Exercise — Copy the data exactly from the line that contains "Кукла Enchantimals Энчантималс" through the line that contains "EFT for tinnitus", keeping both end lines and leaving out everything else.

Data for this exercise —
------------------------------

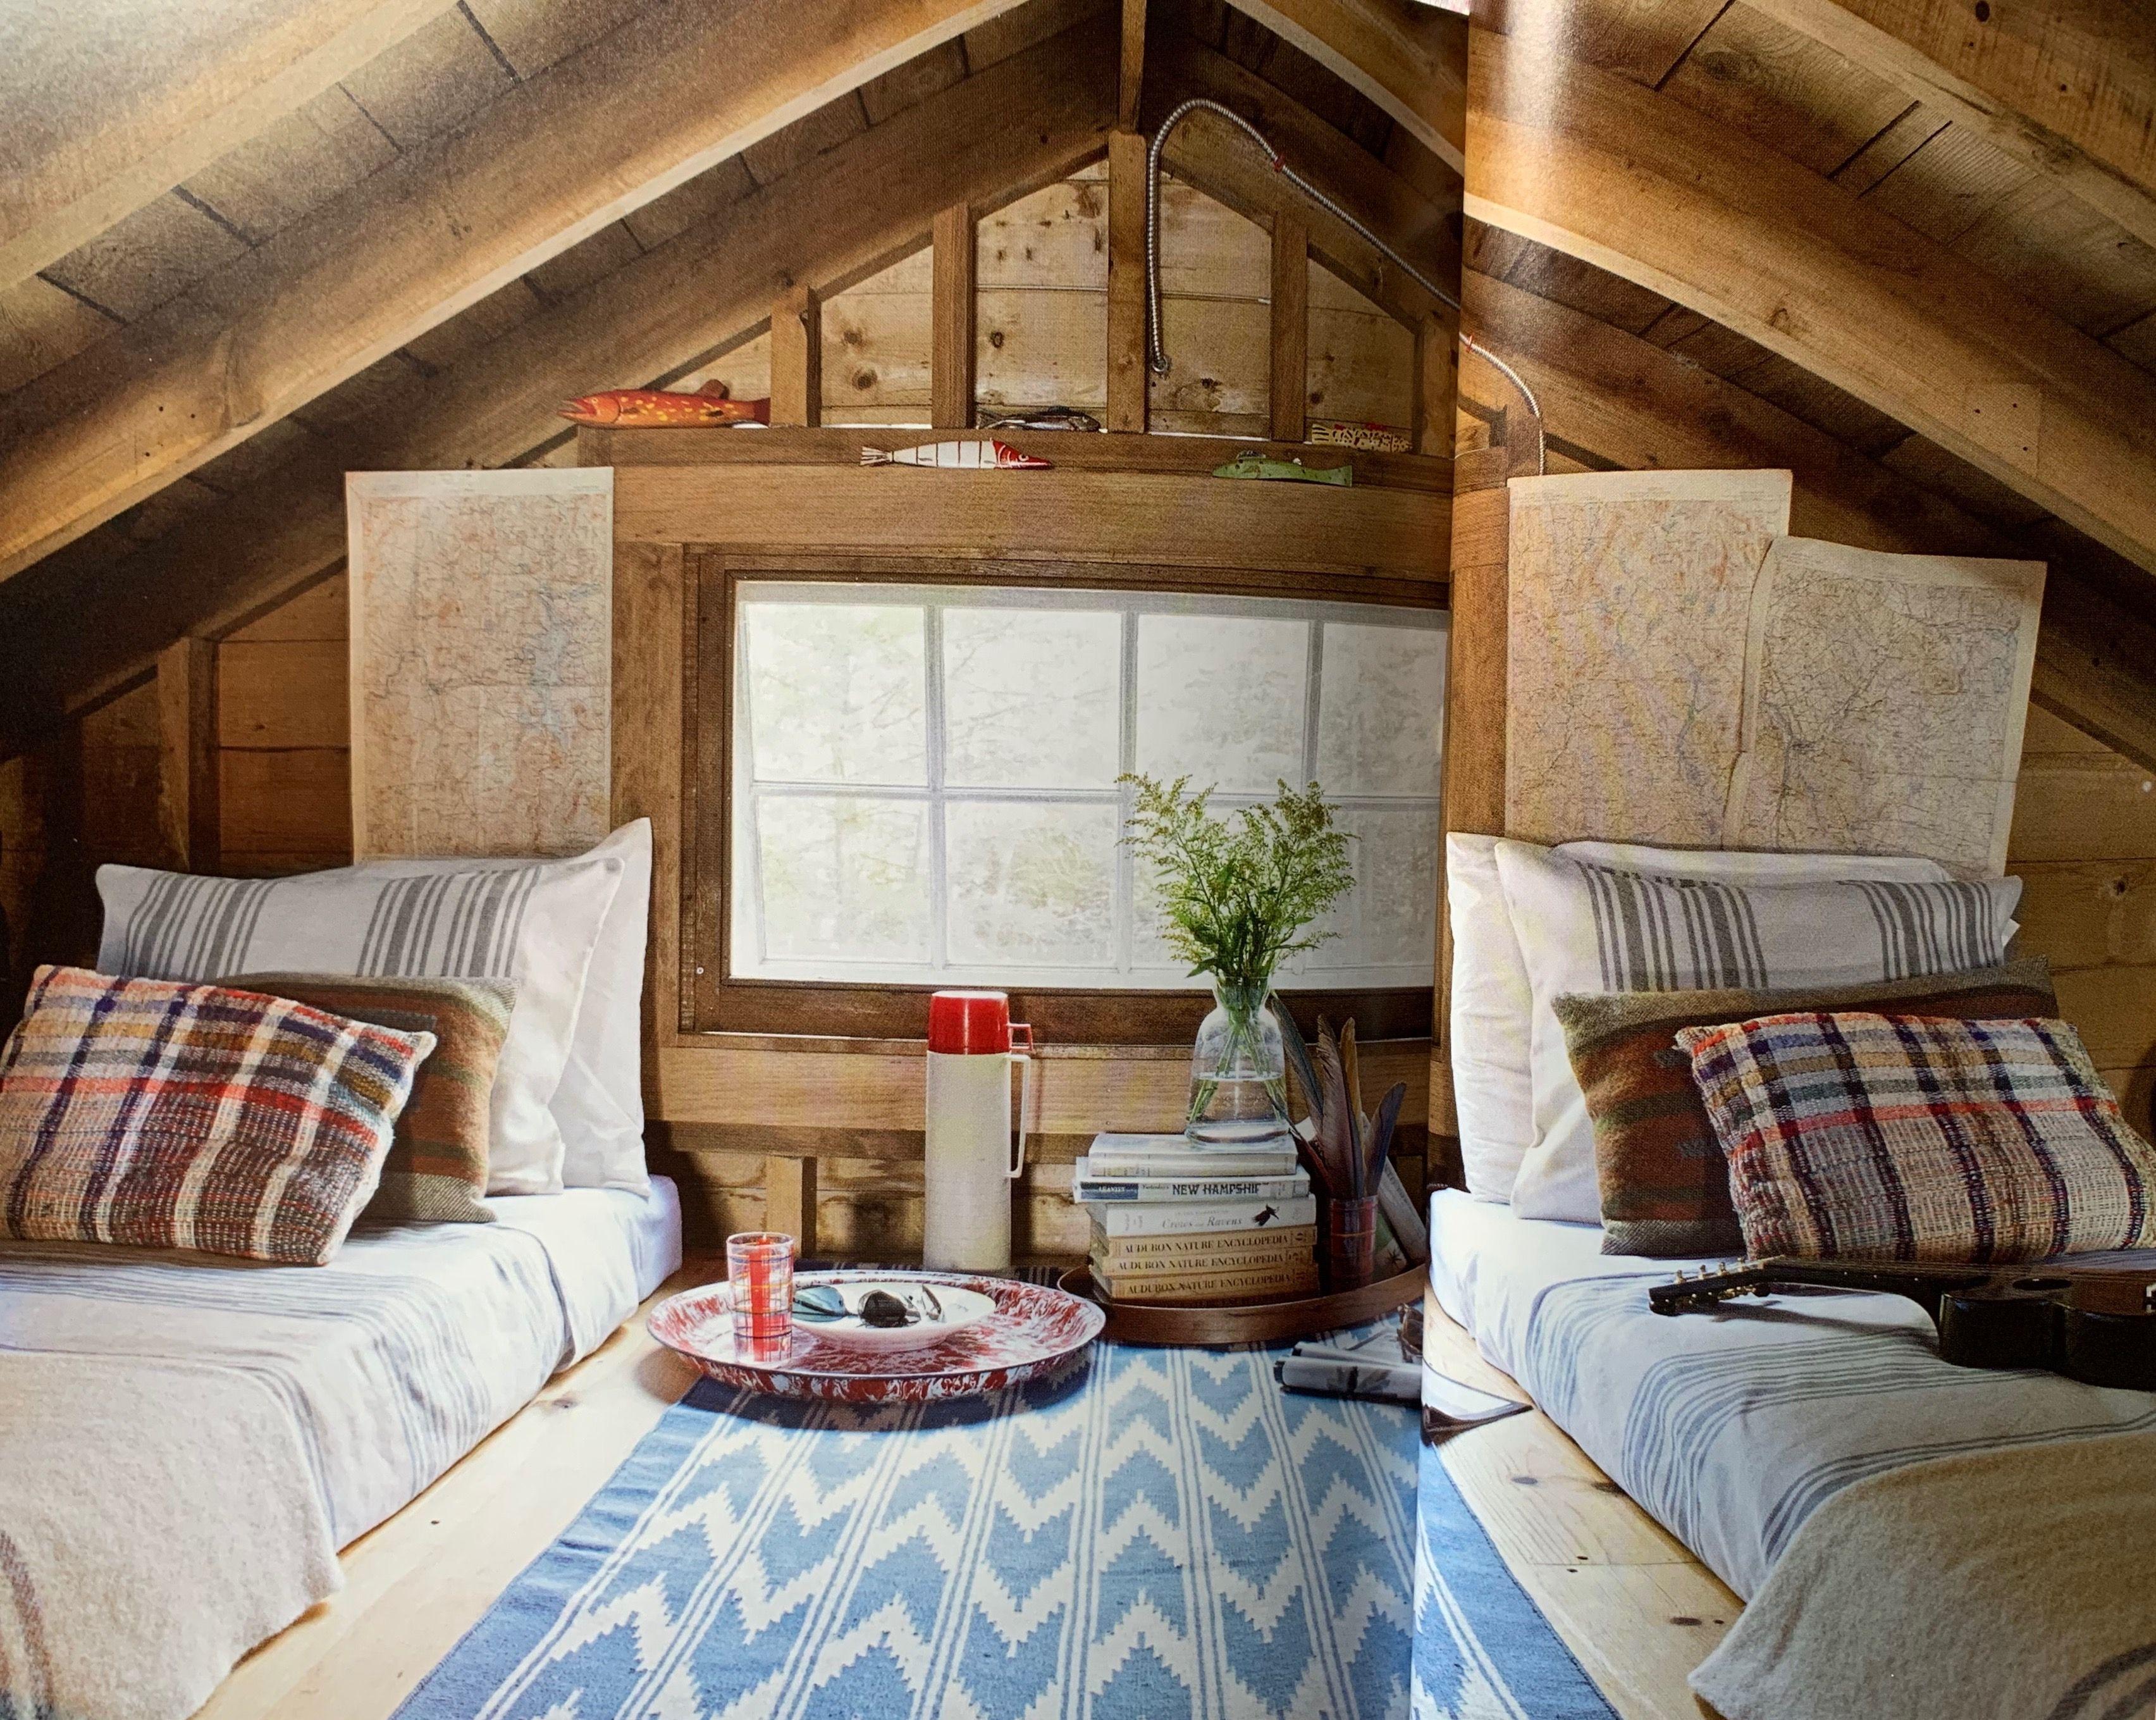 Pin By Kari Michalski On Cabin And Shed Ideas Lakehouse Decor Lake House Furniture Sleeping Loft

------------------------------

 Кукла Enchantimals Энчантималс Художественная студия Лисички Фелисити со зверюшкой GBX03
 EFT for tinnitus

------------------------------

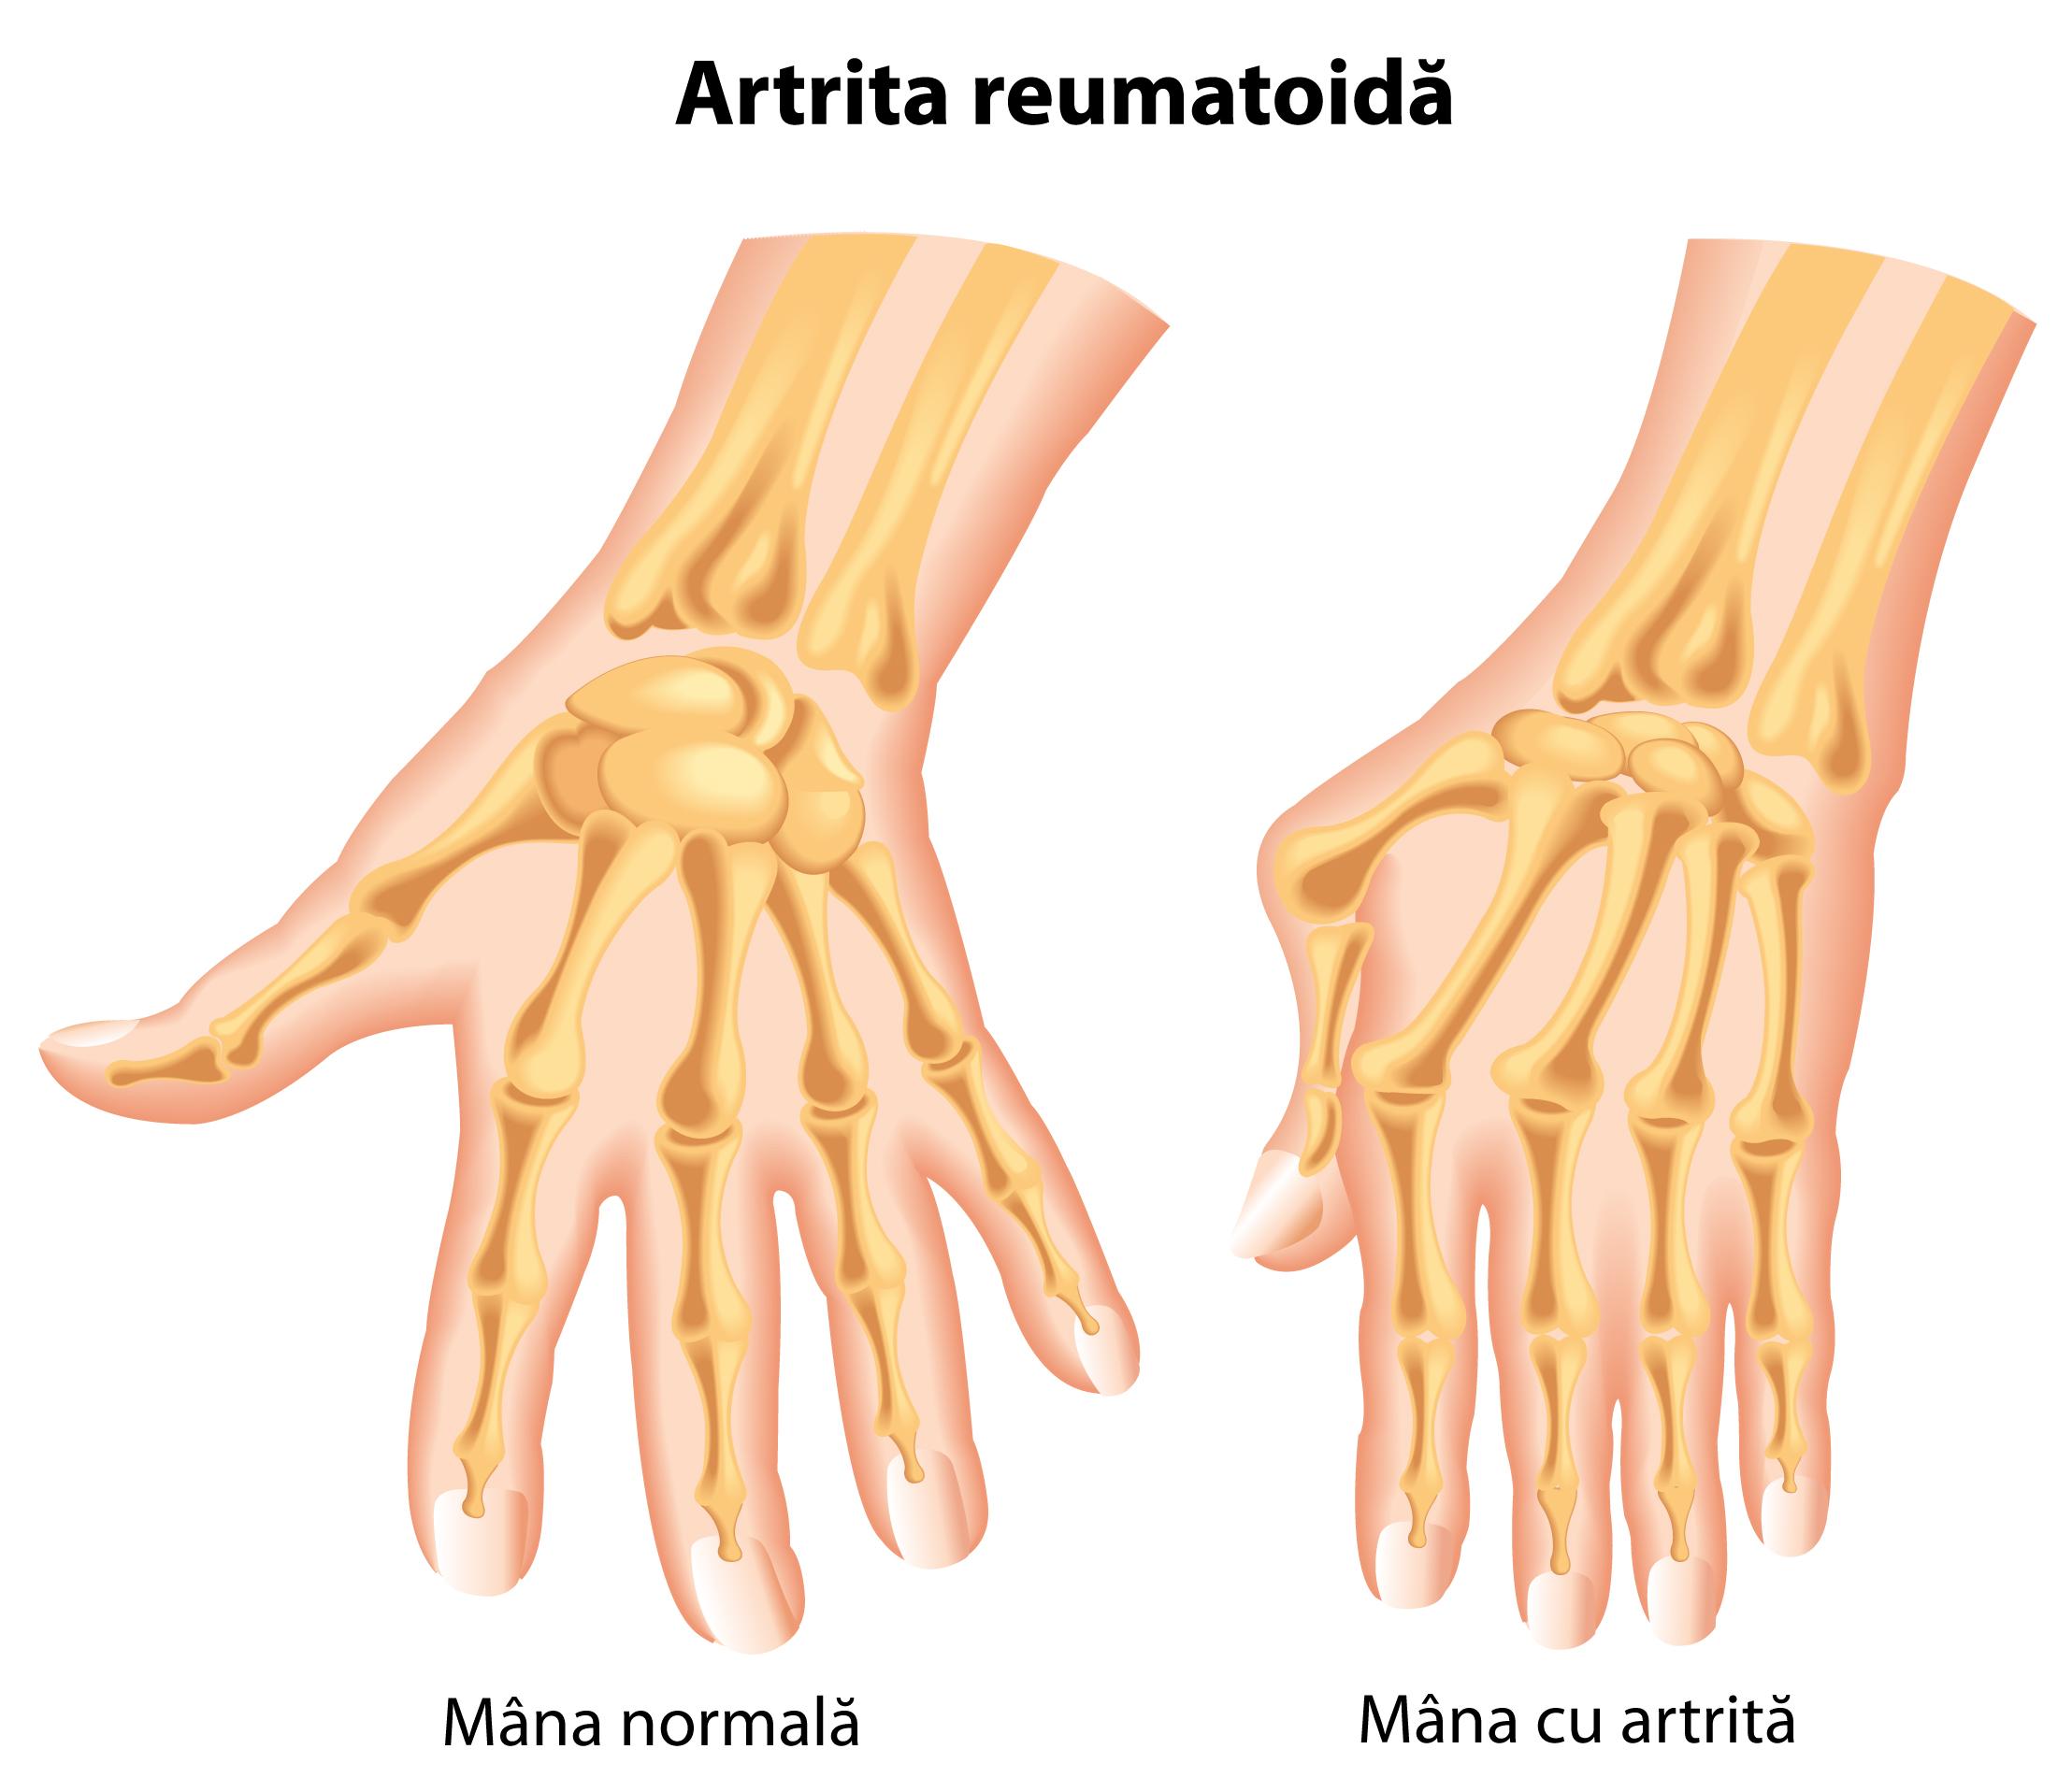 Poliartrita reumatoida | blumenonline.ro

------------------------------

Result of this exercise —
 Кукла Enchantimals Энчантималс Художественная студия Лисички Фелисити со зверюшкой GBX03
 EFT for tinnitus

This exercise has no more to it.